With respect to the bone proteome of cholesteatoma-involved ossicles, the extensive number of changes mirrors the complexity of bone as an organ. Many of these changes relate to increased metabolic function, protein degradation, and inflammatory response and less so with structural components. A number of the proteins are constituents of the endoplasmic reticulum, which is abundant in osteoblasts for their synthetic function. Among the proteins with functional ontologic duties, Tenascin-X (TNXB), Serine protease inhibitor H1 (SERPINH1), and Neutrophil elastase (ELANE), are known factors in bone remodeling. TNXB, decreased in cholesteatoma-involved bone relative to normal ossicles and one of the proteins common to bone and soft tissue analyses, stabilizes extracellular matrix and collagen fibril formation; reduced TNXB is associated with abnormal collagen and elastin deposition and extracellular maturation [3234]. Whether altered TNXB levels in our study reflect a pathologic or reactive change to cholesteatoma remains to be seen. SERPINH1 is a serine protease inhibitor molecular chaperone with critical function in endochondral bone and cartilage formation [35]. Elevated SERPINH1 in cholesteatoma-involved ossicles suggests either increased bone remodeling or repair of the affected bones. This is also likely the scenario for our observation of increased ELANE in cholesteatoma-involved bone. Involved in innate cellular immune processes, ELANE also functions in Collagen VI breakdown and matrix metalloprotease activation [36]. As noted in the soft tissue analysis, proteins present at increased abundances in cholesteatoma-involved bone may also represent markers of residual disease. Cytoskeleton-associated protein 4 (CKAP4) primarily functions in skin development and maintenance [37], implying its presence in cholesteatoma-involved bone correlates with presence of invasive disease.

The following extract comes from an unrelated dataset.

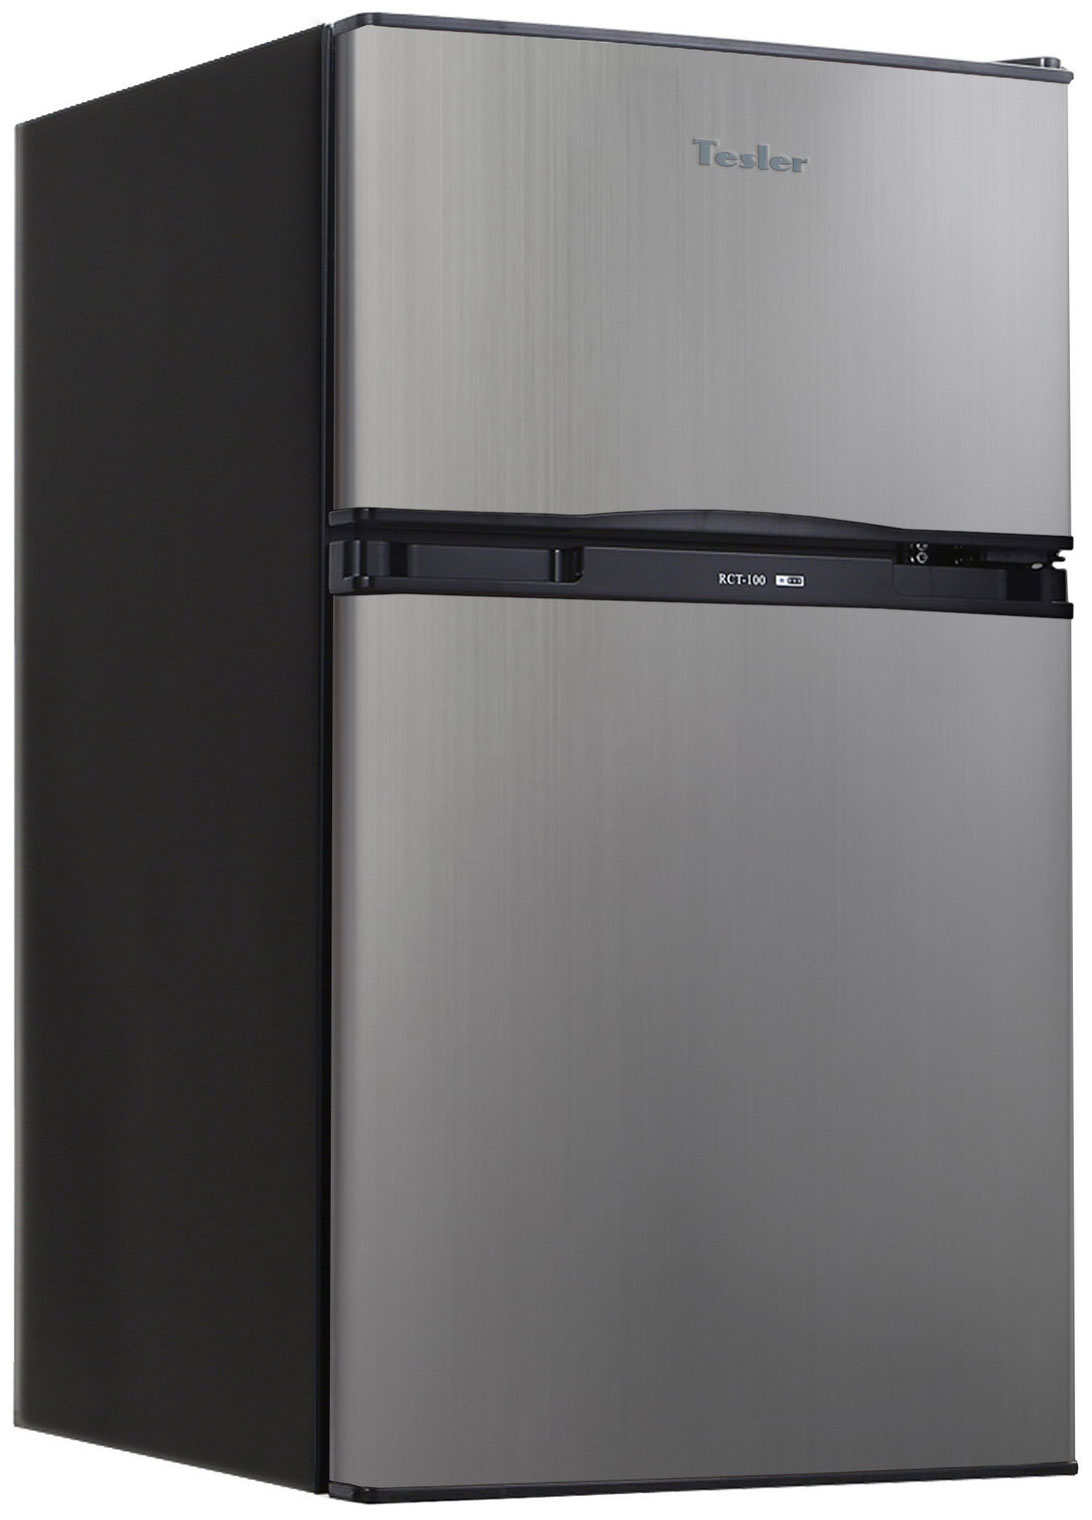 Двухкамерный холодильник TESLER RCT-100 GRAPHITE двухкамерный холодильник tesler rct 100 champagne

Limitations of our study center on the use of a large-scale proteomic approach to the identification of these altered protein abundances. We found several abundance differences between cholesteatoma matrix and skin compared to the difference between matrix and mucosa. This is challenging to explain but may represent an alteration in protein composition in epidermis as cholesteatoma matures. One possible reason for this is that the local environment in the middle ear is different from that of the exposed post-auricular region. Alternatively, dermal elements could be underrepresented or absent in cholesteatoma while they would not be present in mucosa since there is no appreciable submucosa in the middle ear. Yet another consideration is the inability to measure proteins present in very low abundances, since the peptide fragments from these proteins fail to reach detection thresholds due to the presence of peptides from highly expressed proteins. This remains a challenge to all proteomic studies, although mass spectrometry-based techniques have a wider dynamic range than traditional 2DGE [10, 38].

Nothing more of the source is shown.